February’s releases embrace analytics for safety occasions, enhancements to session attribution, a brand new method to visualize delicate information flows in your utility, and new platform agent administration options.
Listed here are the main points on what’s new:
Safety Occasion Analytics
We’ve launched in-depth analytics for safety occasions to energy deeper exploration of safety occasions detected by Traceable. With the brand new safety occasion analytics, you may determine patterns in safety occasion exercise and examine occasion exercise by a number of key IOCs (indicators of compromise), risk actor, risk kind, API endpoint risk parameters, and supply of site visitors (BOT, Proxy, Group and many others.). You’ll now discover an “Events” tab in analytics, the place you may search, filter, and group safety occasions by 60+ parameters.
With safety occasion analytics you may:
- Determine traits in risk varieties and particular malicious habits impacting your group
- Determine and examine spikes in occasion exercise that are helpful indicators of distributed, volumetric or BOT primarily based assaults
- Determine and examine spikes in risk exercise and correlate them with vulnerabilities seen in AST or different safety testing instruments.
- Group safety occasions by risk actor to see which actors have been most energetic in your atmosphere and determine any patterns of exercise from particular actors
- Examine all safety occasions that occurred on excessive danger API endpoints that carry delicate information
- Determine traits in occasion varieties impacting your group utilizing API context like authentication kind, encryption, HTTP technique, safety headers and many others
- Do forensic evaluation on all APIs a risk actor accessed throughout an assault to shortly collect related data comparable to delicate information, financially related information, auth tokens, and many others.
Enhanced Session Attribution
We’ve made enhancements to session attribution to enhance detection of session-based assault methods comparable to Damaged Object Degree Authorization (BOLA), session fixation, land velocity violations, and session hijacking. These updates permit us to extra precisely attribute API exercise and occasions to person classes, and determine when and the way classes have been compromised. Since person attribution depends closely on classes being recognized precisely, clients get higher protection there too. Enhancements embrace:
- Capacity to extract session identification attributes from API requests and responses, with granular configuration of session identification guidelines in Consumer Attribution Administration.
- Figuring out session tokens in request header/physique, cookies
- Session stitching to tie a number of consumer classes to a logical person session (e.g. a browser refresh would lead to a number of consumer classes, however we will sew them collectively to indicate the true person session). Session ID (the stitched person session) and the Consumer Session ID can be found in Menace Exercise and Safety Analytics.
With Session ID in analytics, now you can:
- Determine all classes from a particular person or risk actor
- Zoom in on a particular session to look at all API transactions and occasions that occurred within the session
- Hunt for situations of session primarily based assaults like BOLA, session fixation, and many others. by searching for situations the place a number of customers or IPs are driving on an present session to hold out assaults.
Delicate Information Flows in Software Stream Dashboard
The Software Stream dashboard has been redesigned to enhance visibility into how delicate information is flowing inside your app and to third-party endpoints. The dashboard routinely identifies gateways, load balancers, proxies, and different functions providers, and visually maps information flows between them. You may discover all information flows or filter primarily based on information sensitivity or service danger degree to simply determine dangerous flows.

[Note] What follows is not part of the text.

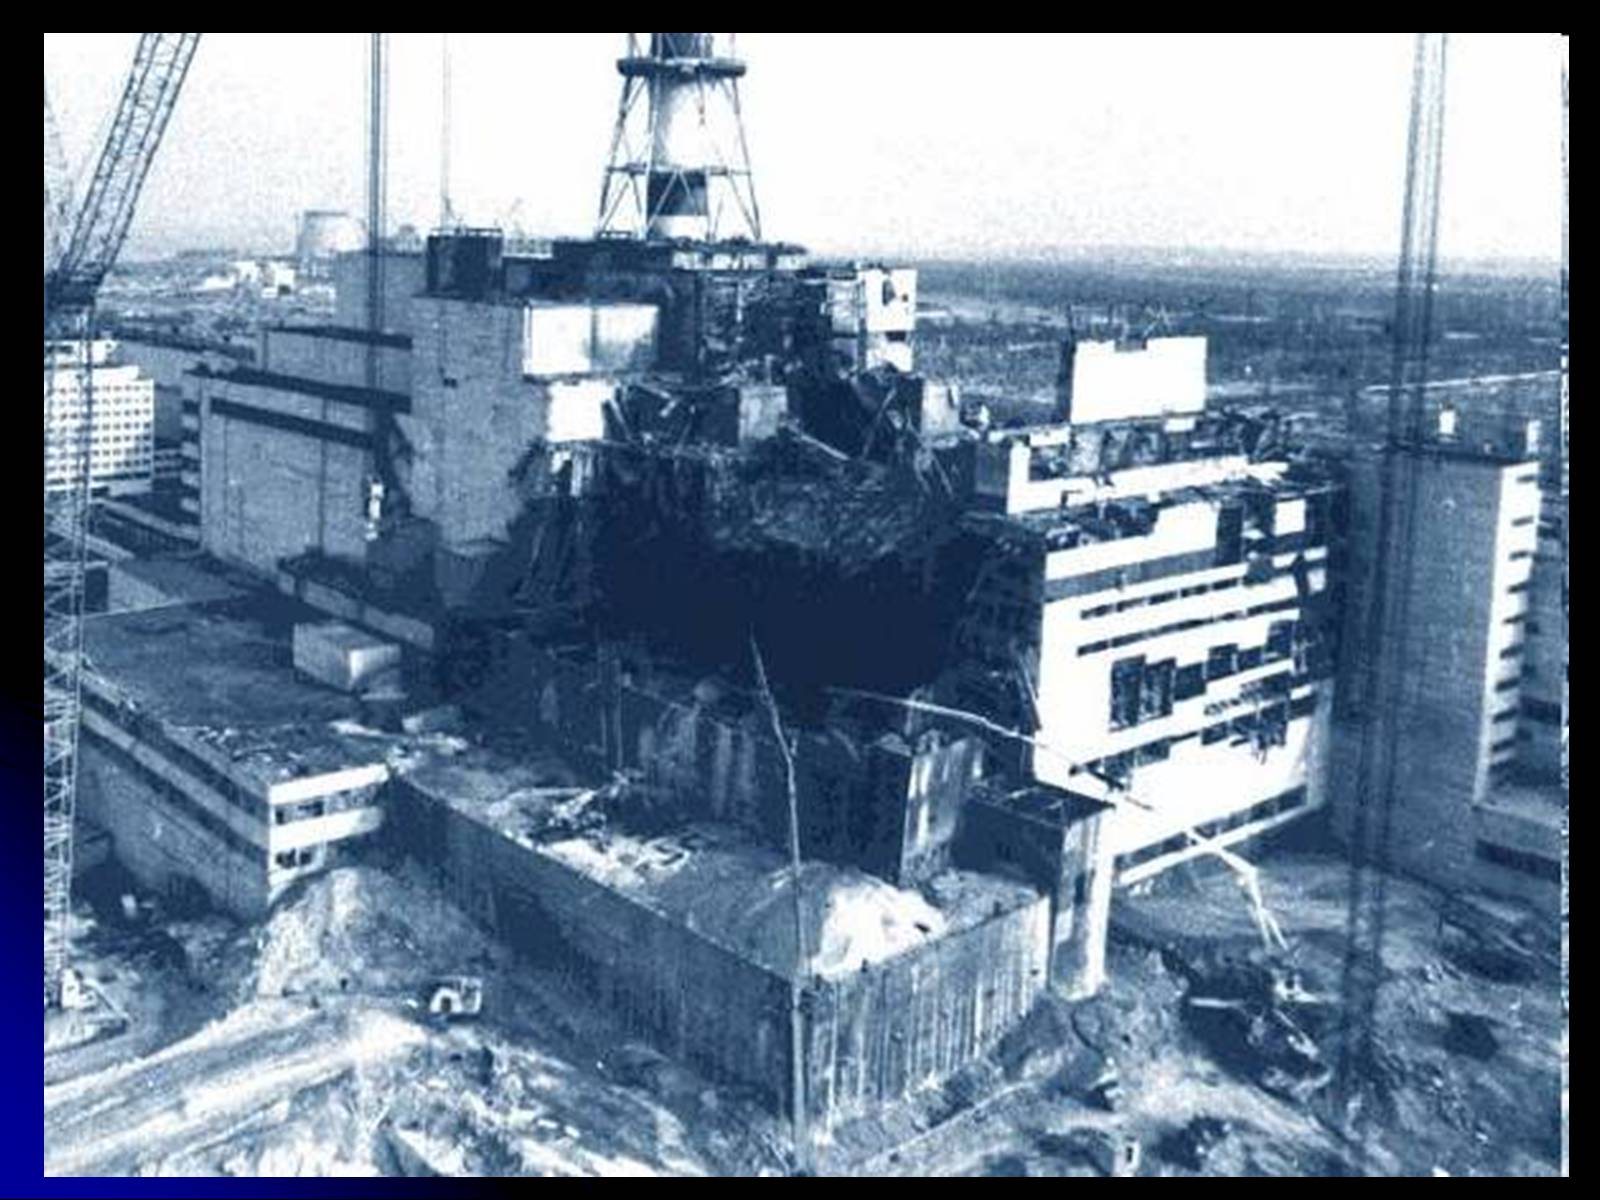 Сколько работала чернобыльская аэс после взрыва. Чернобыльская АЭС 1986. Чернобыльская АЭС 1986 реактор. 4 Энергоблок Чернобыльской АЭС 1986. Чернобыль 26.04.1986 взрыв.

Click on into any particular person service to see an in depth API-level breakdown of the delicate information coming out and in. This contains delicate information varieties contained within the request and response for every API endpoint related to the service.
Platform Agent Administration Updates
We’ve added new metrics for monitoring the well being of your platform brokers and new notification choices to provide you with a warning to agent standing modifications and information assortment points.
Navigate to Administration > Information assortment to see a full checklist of platform brokers. Click on on any agent to view the brand new metrics tab, which now reveals agent identification particulars, a graph view of information despatched to the platform (spans per minute), and an agent standing changelog.
You may create new notifications to obtain an alert when your atmosphere stops reporting information and when the standing of a platform agent modifications. Navigate to Administration > Notifications > Create Notification. Choose “Data Collection Activity” because the notification class and select from the choices in “Agent Activity Type” to create a notification in your desired exercise.